Huawei's CloudMatrix 384 System Achieves 920,000 Tokens/Second with DeepSeek Optimization

Huawei continues to advance its AI infrastructure capabilities, with recent optimizations to its CloudMatrix 384 system demonstrating a significant performance boost for DeepSeek's Mixture-of-Experts (MoE) models. A specific deployment unit, representing 37.5% of the full system, has achieved an impressive 345,000 tokens per second (KT/s), with projections indicating the complete CloudMatrix 384 can deliver 920,000 tokens per second. This development underscores Huawei's strategic efforts to enhance its AI computing power, particularly for large language models.

The CloudMatrix 384 is a rack-scale AI architecture built around 384 Huawei Ascend 910C chips, designed to compete directly with Nvidia's high-end systems like the GB200 NVL72. Each deployment unit within the CloudMatrix 384 comprises 144 individual chips, totaling 288 dies. For DeepSeek's MoE architecture, the system is configured to place two "experts" (one routed and one redundant) per die, optimizing the processing of complex AI workloads.
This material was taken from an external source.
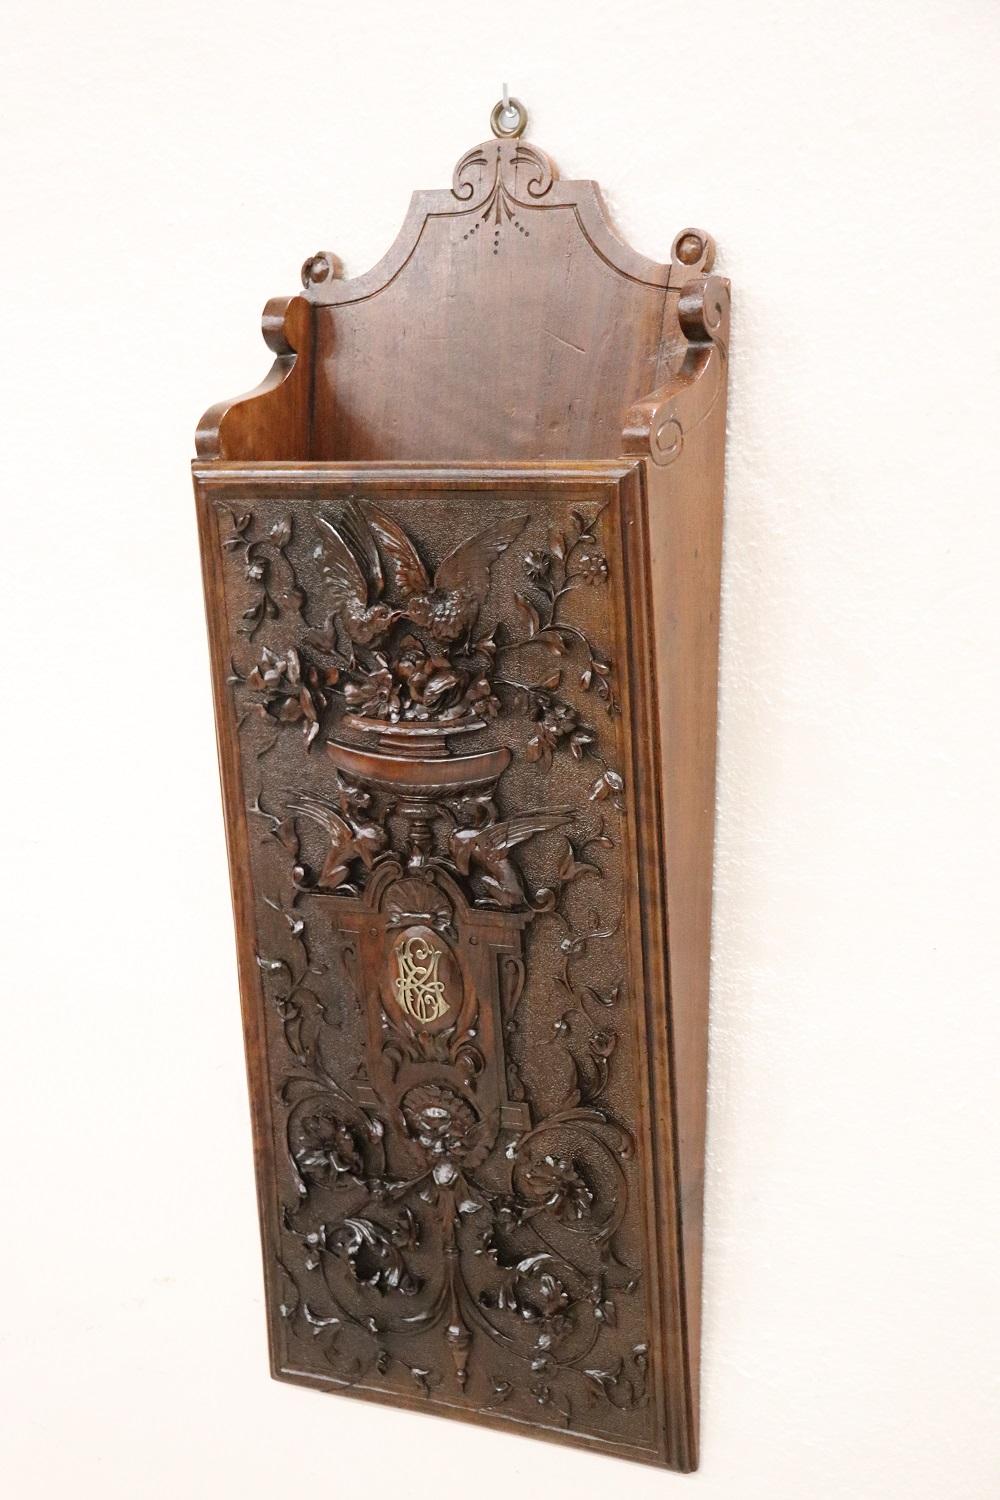 Beautiful Italian renaissance style wall magazine rack, 1880. Made of solid walnut wood. Characterized by a refined and elaborate decoration carved in the wood. Many decorative elements of Renaissance taste such as two winged dragons and a grotesque

This performance is critical for inference tasks on large language models, where the speed of token generation directly impacts user experience and application efficiency. While specific per-NPU decoding rates from research papers show figures around 1,943 tokens per second, the reported system-level metrics of 345 KT/s for the unit and 920 KT/s for the full system highlight the aggregate throughput achieved under optimized conditions. According to a social media post by Teortaxes, a DeepSeek enthusiast, "a deployment unit is 37.5% slice of the system, 144 individual chips, 288 dies; they plop 2 experts (routed and "redundant") per die; get 345KT/s for the entire thing. So 384 => 920KT/s."

Huawei's approach, often described as "brute force" due to its higher chip count and power consumption compared to some Western counterparts, allows it to achieve competitive performance despite international restrictions on advanced chip manufacturing. The CloudMatrix 384 leverages advanced optical interconnects to ensure high-bandwidth, low-latency communication across its vast array of chips, a crucial factor for scaling MoE models. This strategic focus on domestic AI infrastructure is vital for China's technological independence in the rapidly evolving artificial intelligence landscape.